Data section:
►

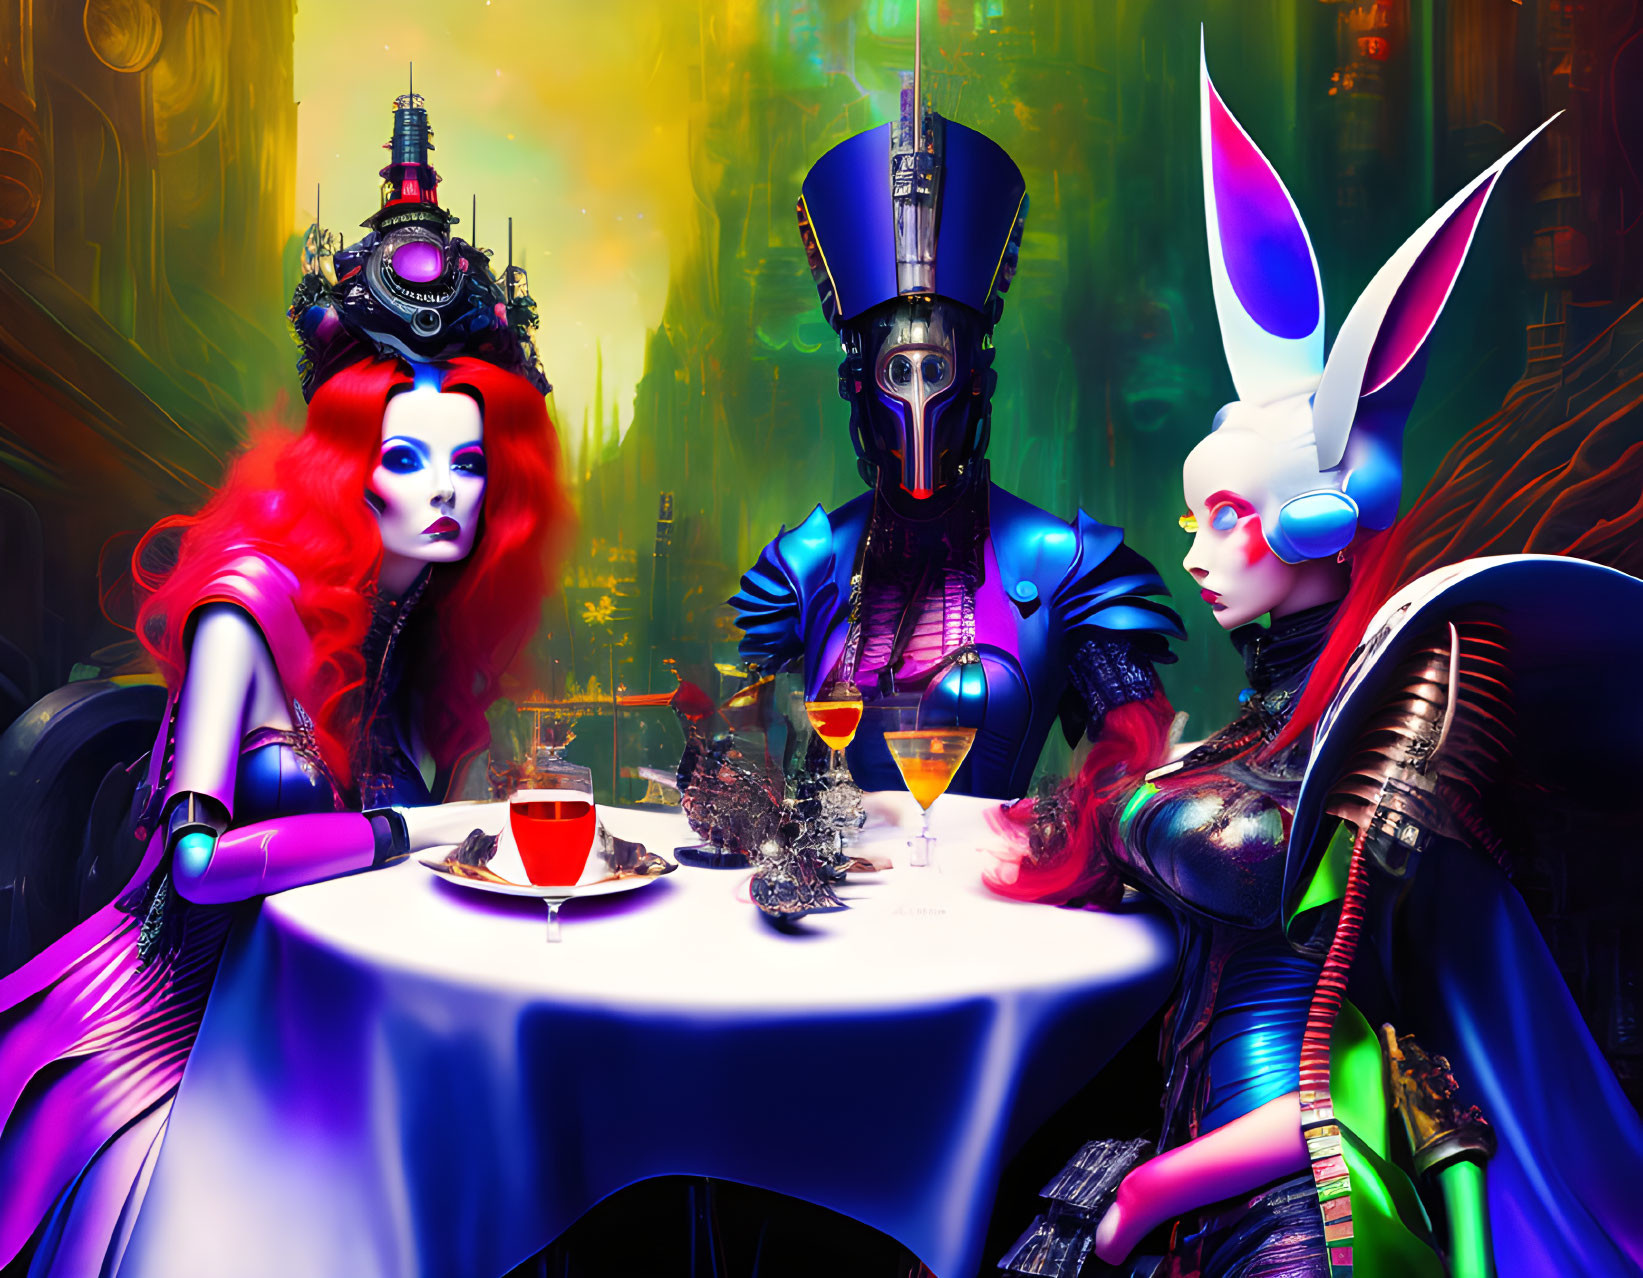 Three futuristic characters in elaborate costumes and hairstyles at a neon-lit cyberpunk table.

◄
►

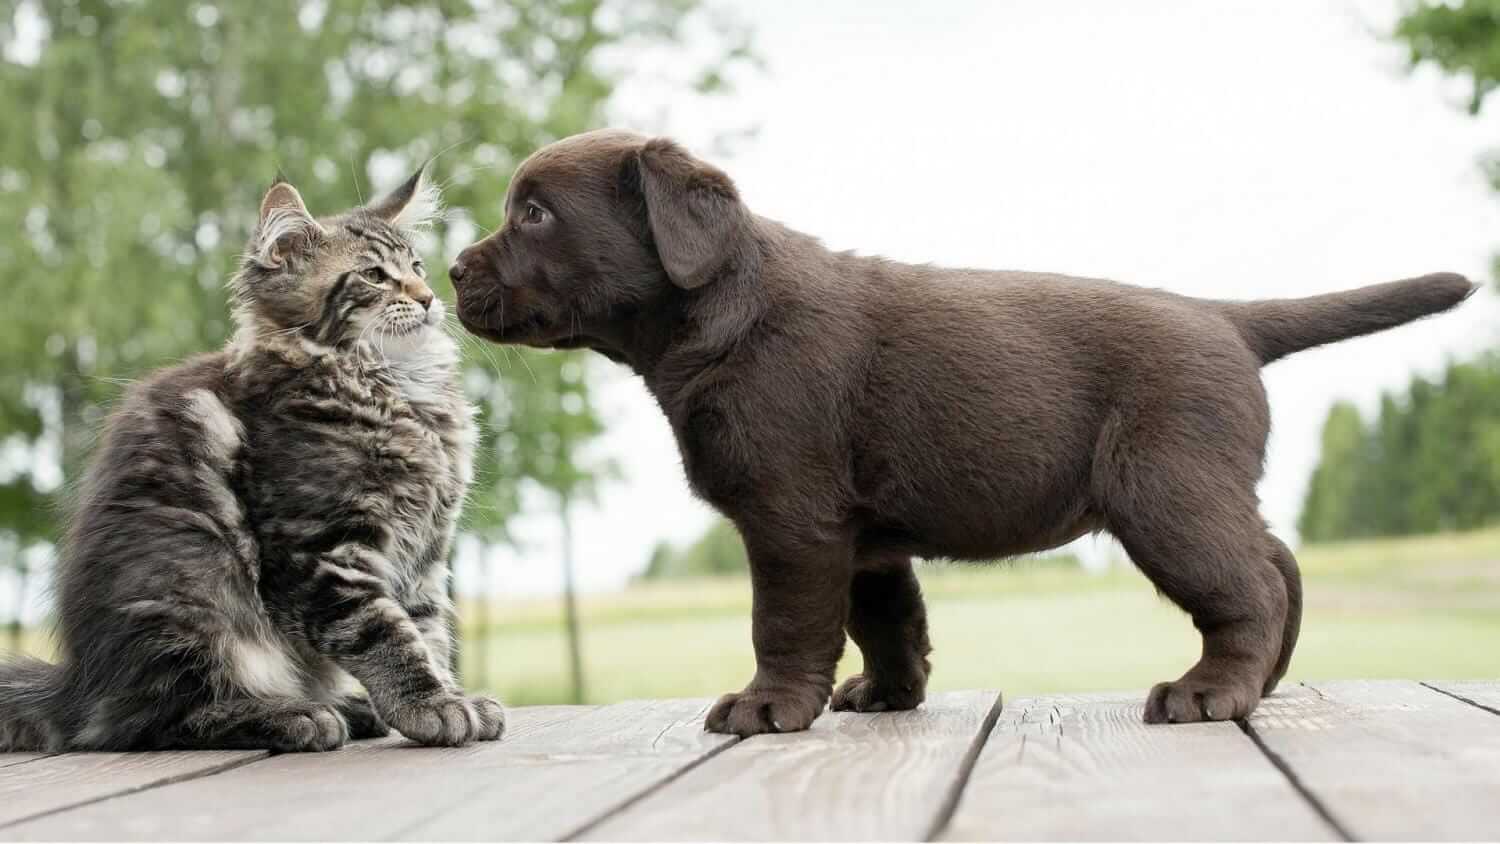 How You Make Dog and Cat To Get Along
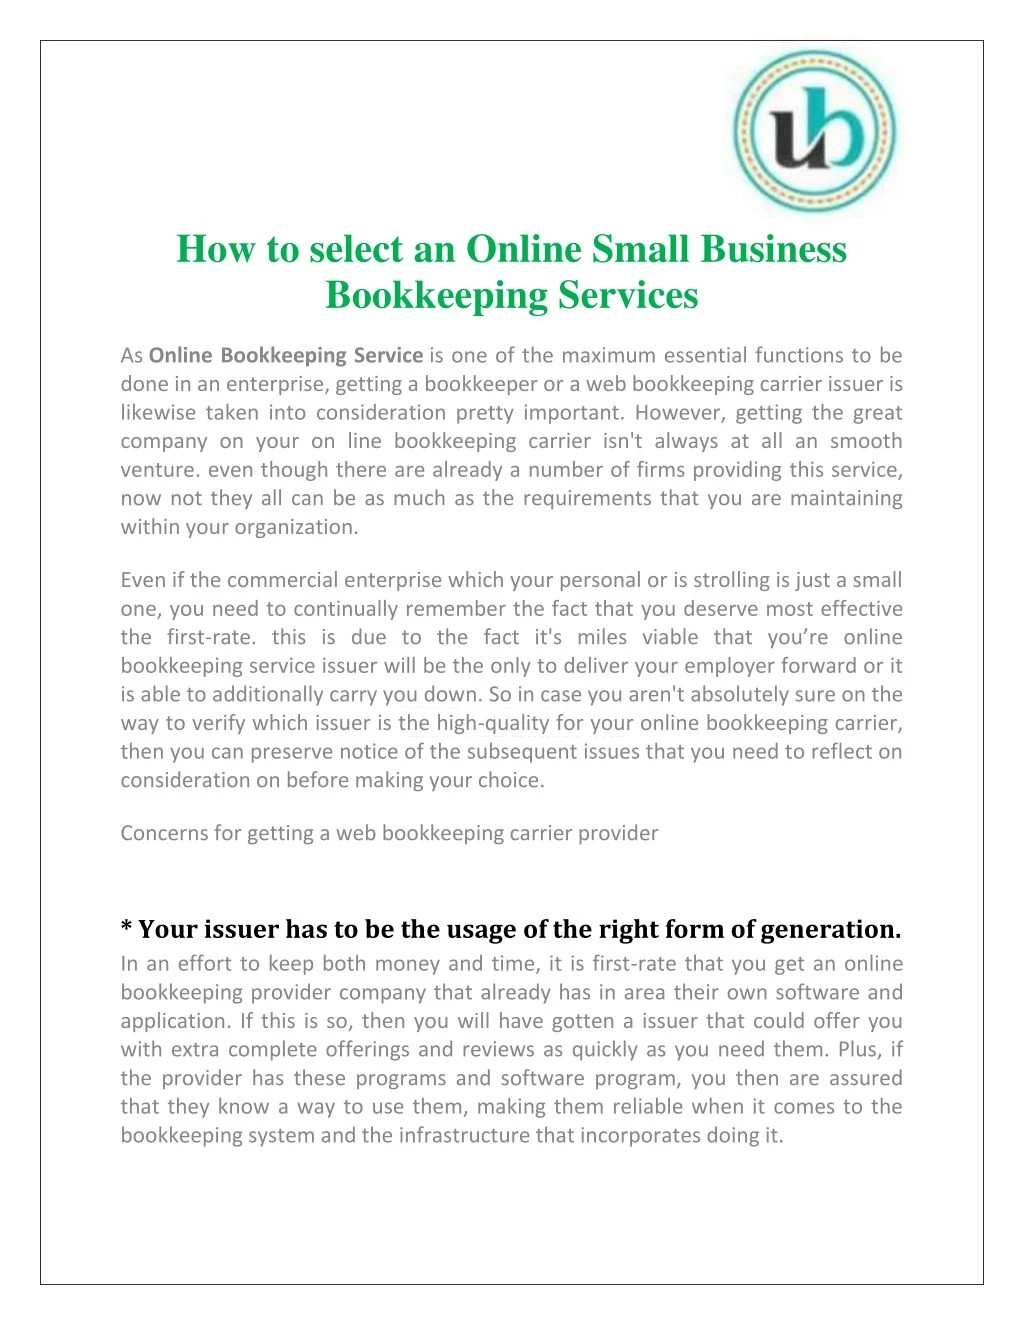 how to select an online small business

◄

Work instructions: Reproduce exactly the lines above that run from the one with "How You Make Dog and Cat To Get Along" to the one with "how to select an online small business", both included, leaving pictures out.

Output for this exercise:
 How You Make Dog and Cat To Get Along
 how to select an online small business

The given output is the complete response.